## EXERCISE DIRECTIONS
The reply is a verbatim copy of the listing below with its images dropped.

## INFORMATION PROVIDED
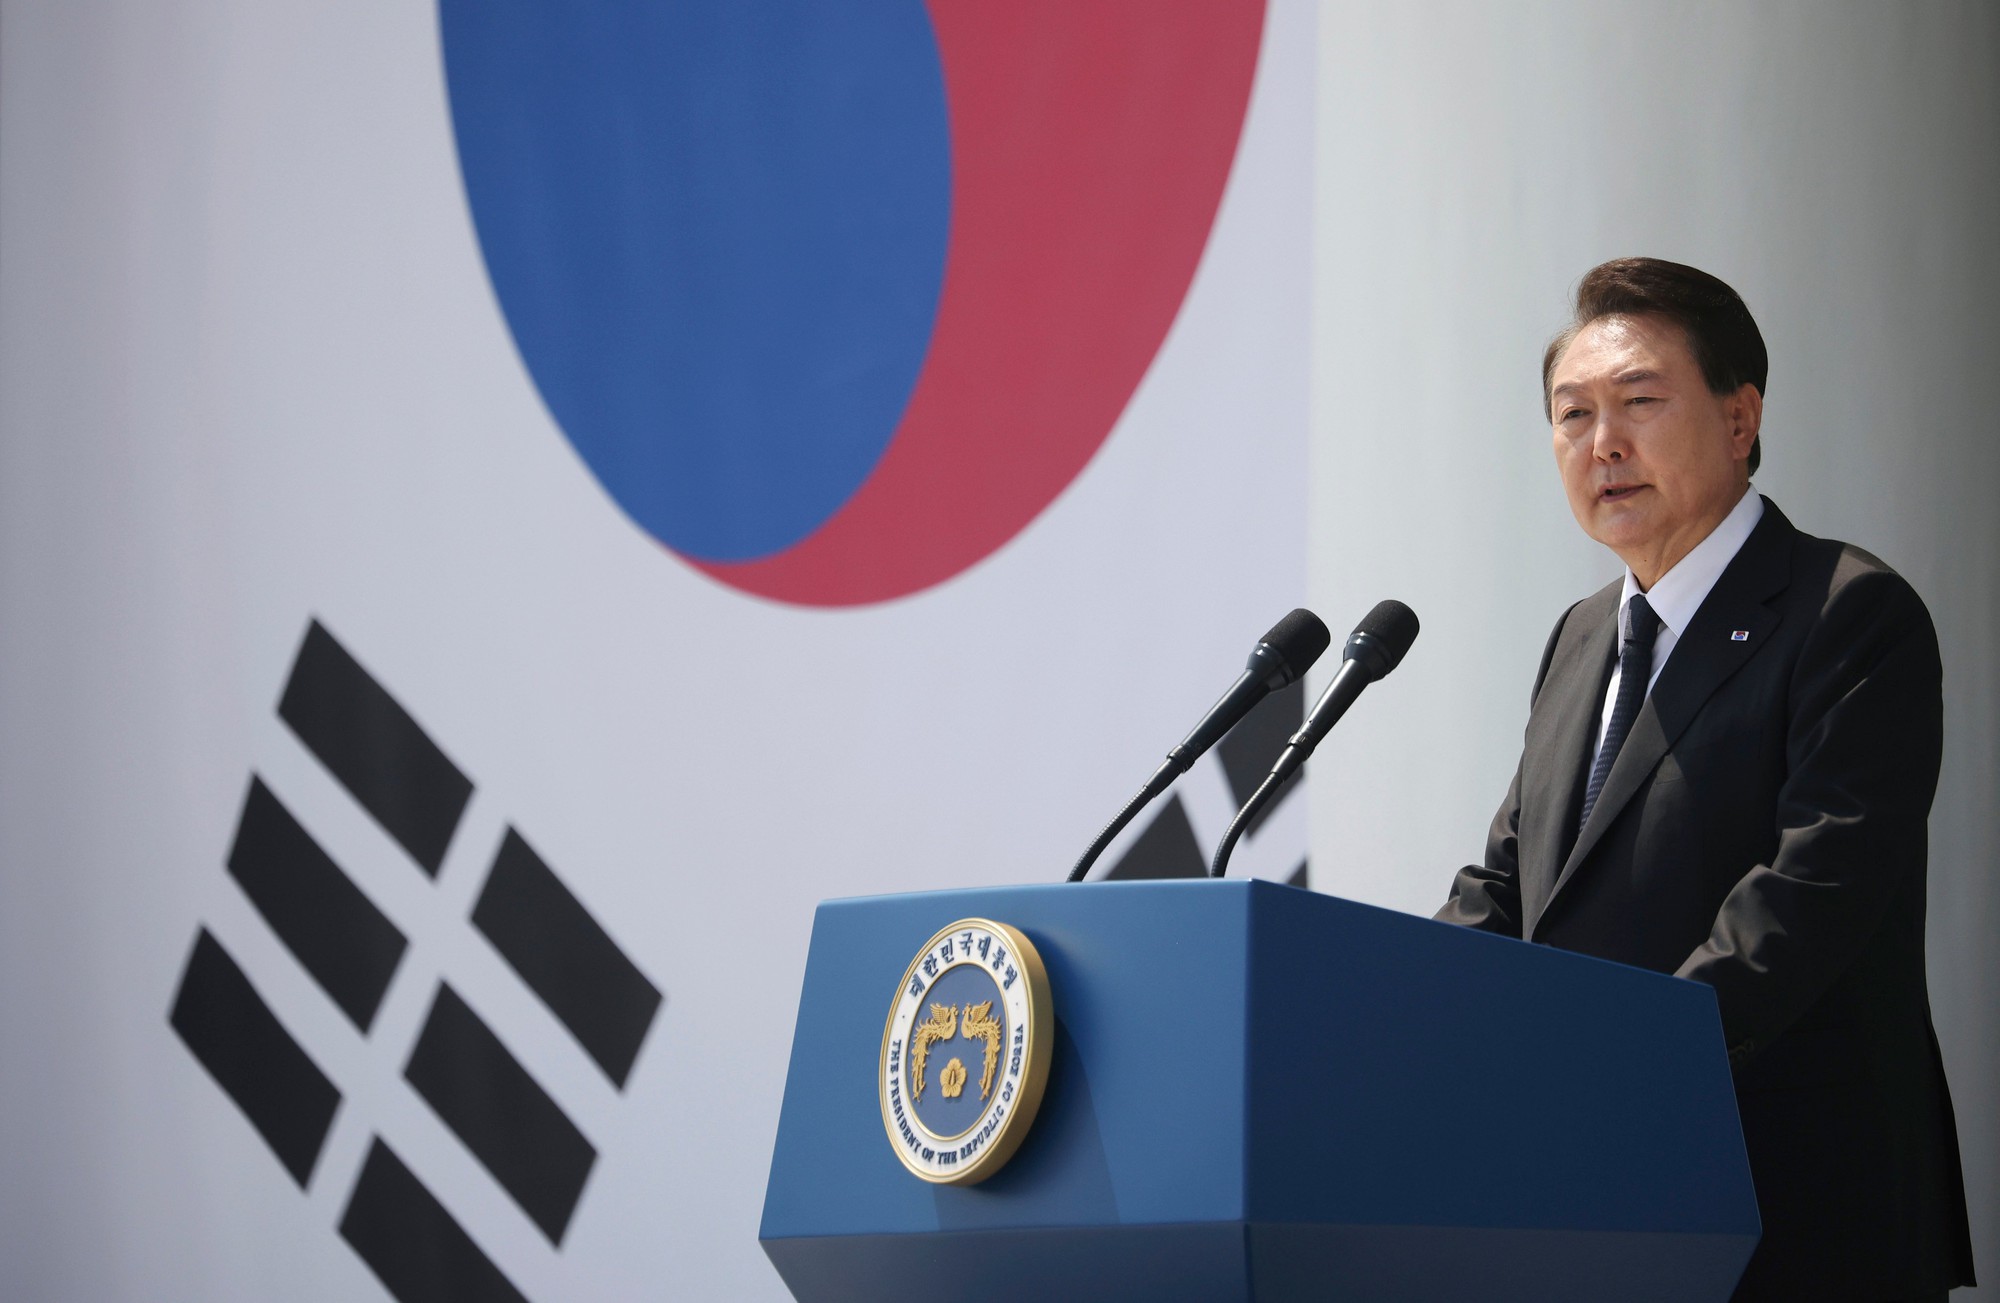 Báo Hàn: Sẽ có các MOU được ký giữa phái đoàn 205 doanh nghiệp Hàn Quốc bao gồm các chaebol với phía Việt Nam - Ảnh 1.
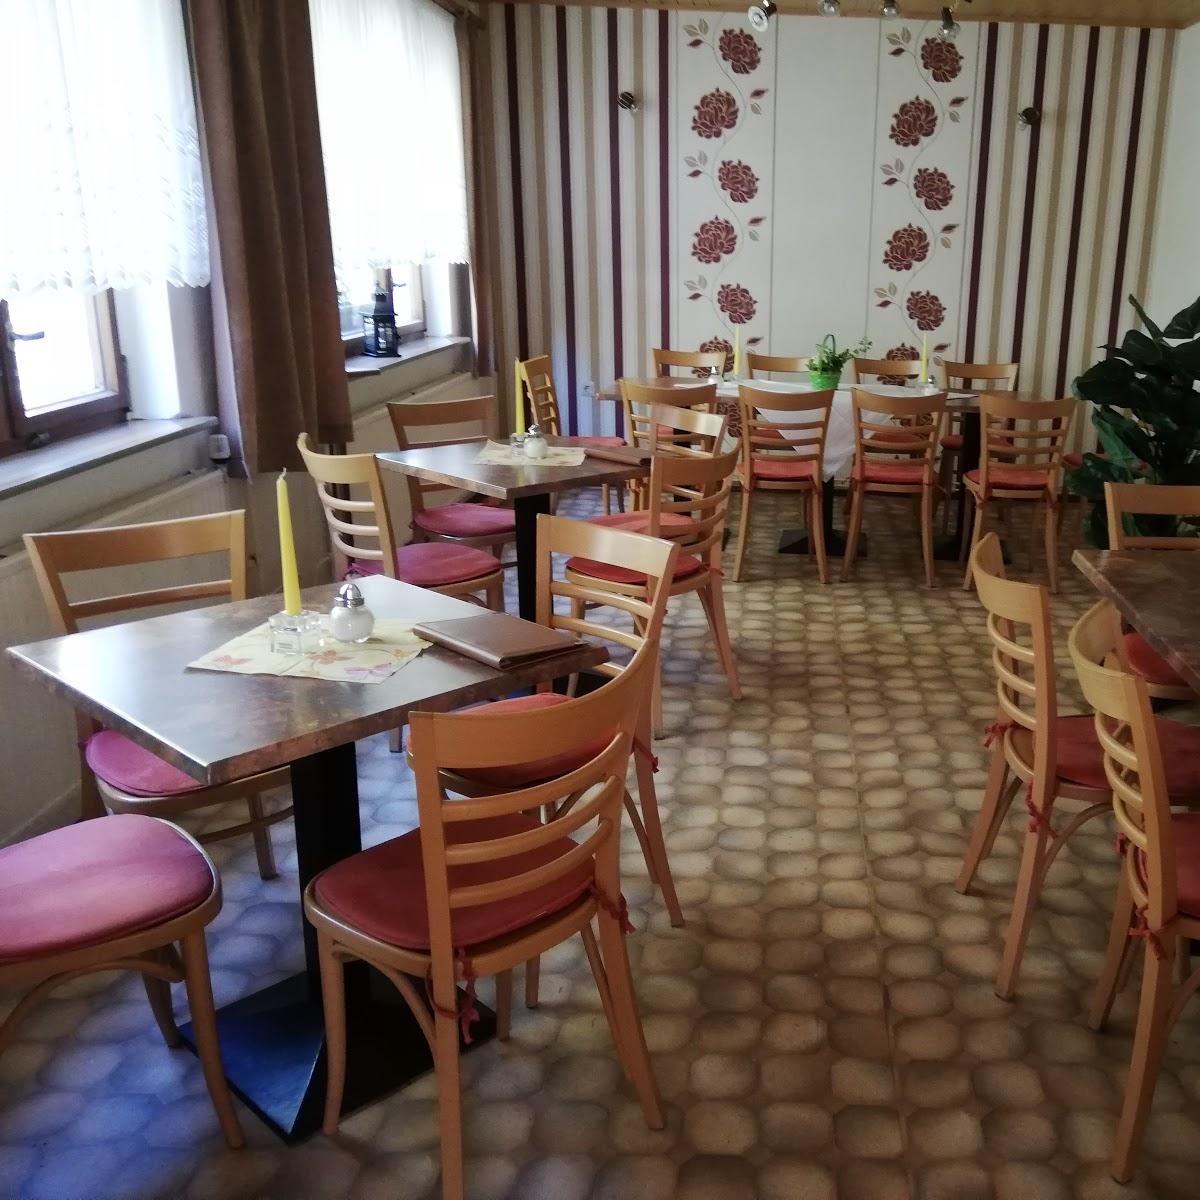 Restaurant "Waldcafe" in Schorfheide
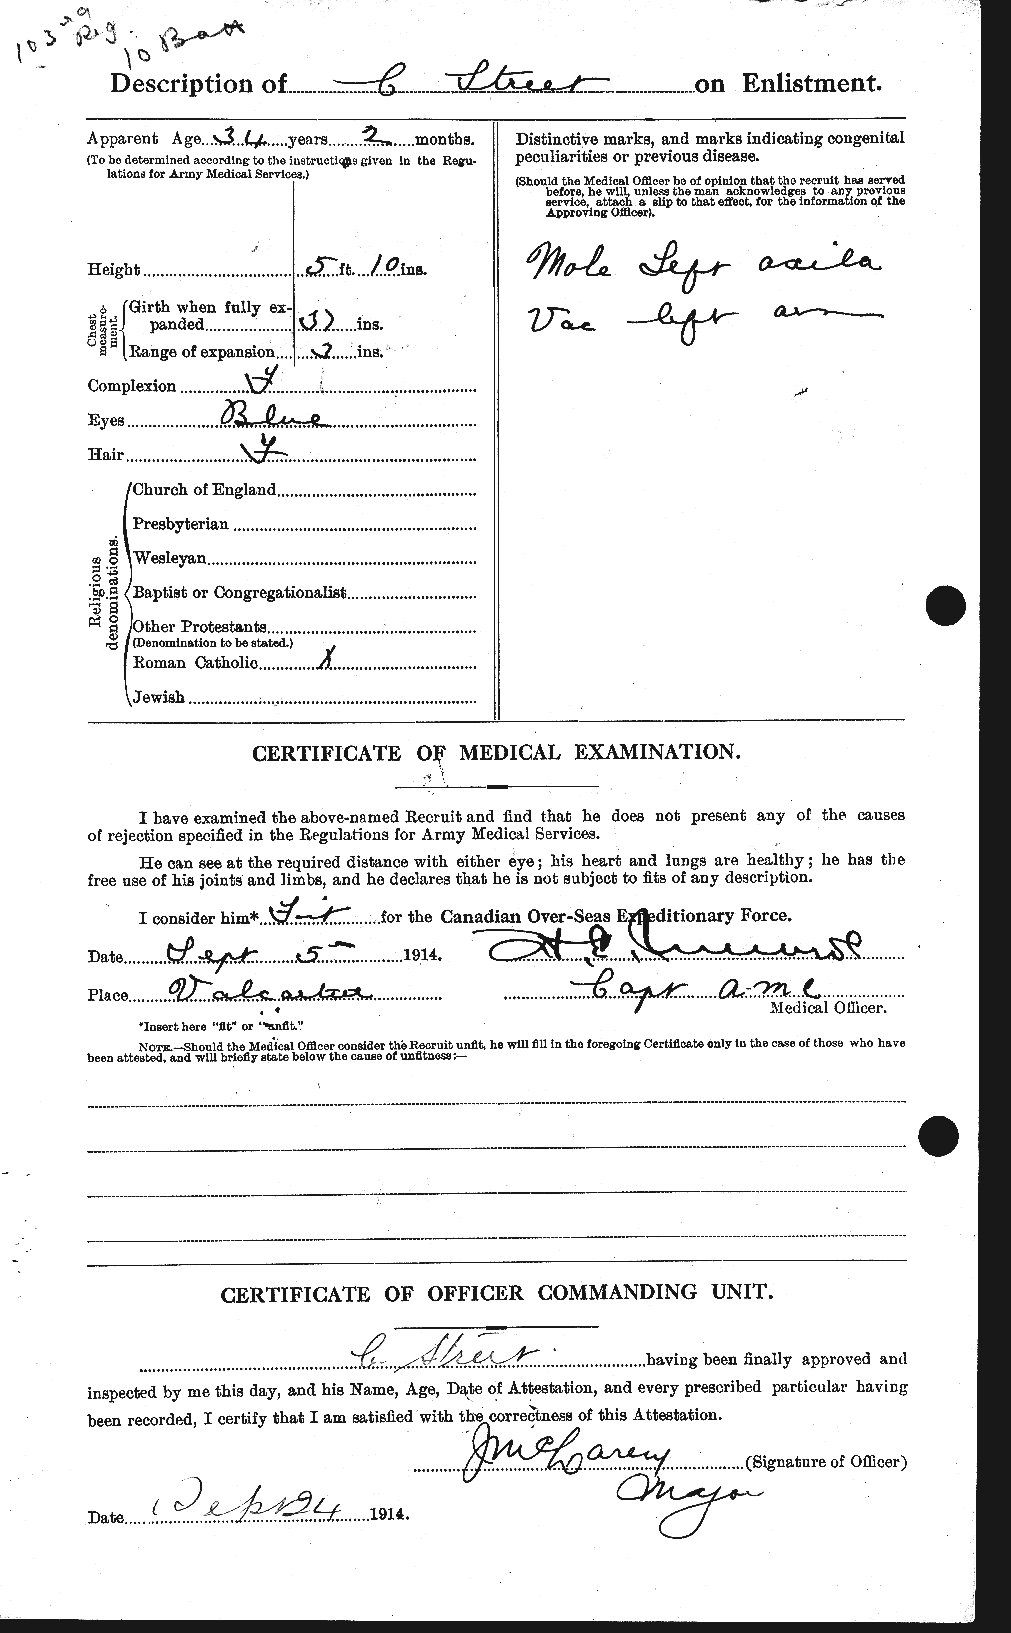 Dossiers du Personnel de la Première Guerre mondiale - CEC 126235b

## YOUR SOLUTION
 Báo Hàn: Sẽ có các MOU được ký giữa phái đoàn 205 doanh nghiệp Hàn Quốc bao gồm các chaebol với phía Việt Nam - Ảnh 1.
 Restaurant "Waldcafe" in Schorfheide
 Dossiers du Personnel de la Première Guerre mondiale - CEC 126235b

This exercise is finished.